The people behind Light Factory Publications may be housebound as a result of the Corona (COVID-19) virus, but that doesn’t mean that nothing’s happening… far from it. This publication house is busy with a renovation.
This week Vicky Lum sent over ideas for the LFP logo and together we made a selection (see top left corner of the website for the horizontal version). Lum based her suggestions on an assortment of rubberstamps that have branded LFP publications in the past. The irregular typewriter font initials have been rubberstamped on small books, pamphlets and ‘zines for over 20 years. The letters originally came from a box of rubber stamps that was purchased in the 1990s from a benefit auction for the Heritage Arts Centre (Mid West Arts Council, Hamiota, Manitoba). The set had been donated by a retired schoolteacher who recalled using a month’s salary to purchase the box from a traveling salesman, sometime around the 1940s.

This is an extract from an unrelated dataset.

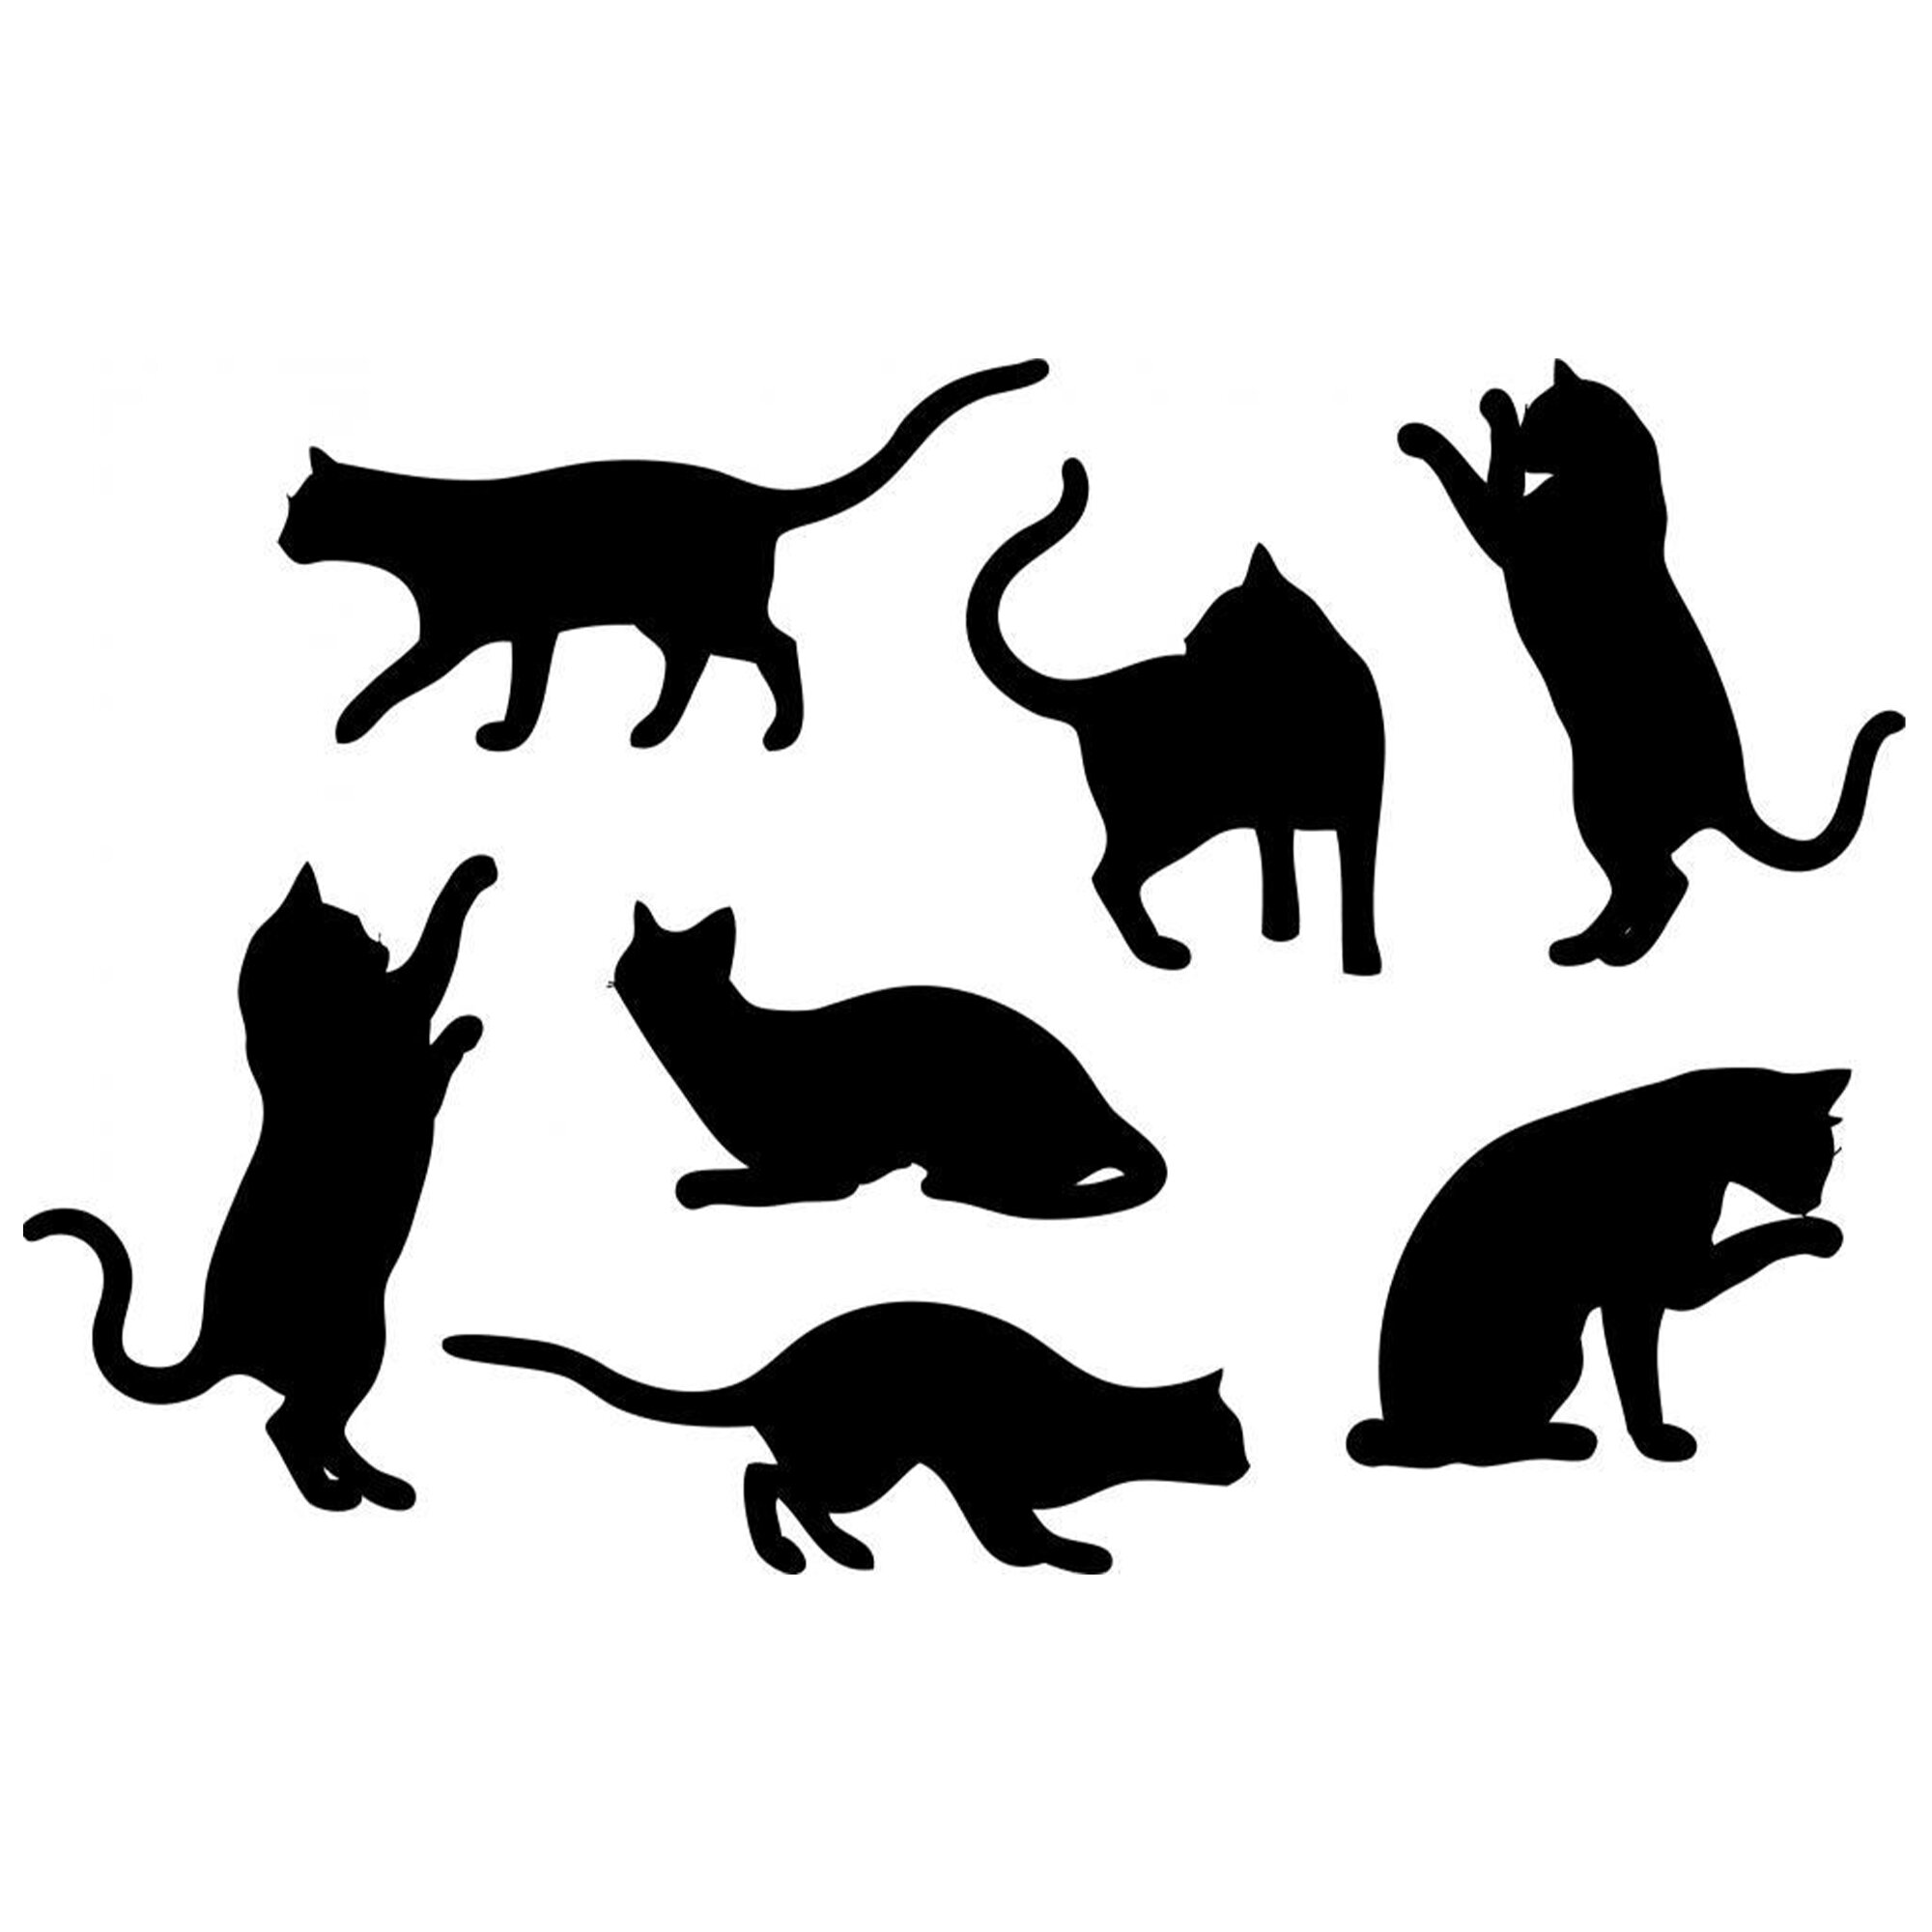 cats 6 to 16 cm 30x30cm Sticker planche silhouettes cats of all kinds

A structural re-make of the LFP website has been underway for several weeks. Deanne Achong of goodyBank Design Studio is leading that work with a vault full of good ideas and inspirations. With Deanne’s work we are excited to present LFP’s new on-line home as a place to see titles from LFPs archive, access bosque brotante, the newest work in the Present Cartographers series, and soon access my own on-going project, Reading the Migration Library.
Although the rubberstamped identity hasn’t changed much since it marked (stamped) the back of very small editions of mail art items (mostly assembled hurriedly in the middle of the night before a submission deadline), LFP is an evolving enterprise. Over the years it has been characterized by its flexibility and adaptability. Around 2008 it was described this way,
Light Factory Publications is an itinerant production house that swings into action whenever the need for some swell, small edition multiples emerges. In its selection criteria it privileges projects that make obvious their reliance on collaborations or distribution between individuals over coffee or drinks. LFP relies on the handwork of anyone who needs a lesson or practice in book arts like binding and small publications.”
These days, LFP titles are usually constructed at commercial print shops, and there is less bartering of labour and talent in exchange for skill development and distribution. What remains the same is the way LFP focuses on collaborations with artists at all stages of practice; and the way it consistently features accessible and innovative approaches to artist book design, construction and distribution.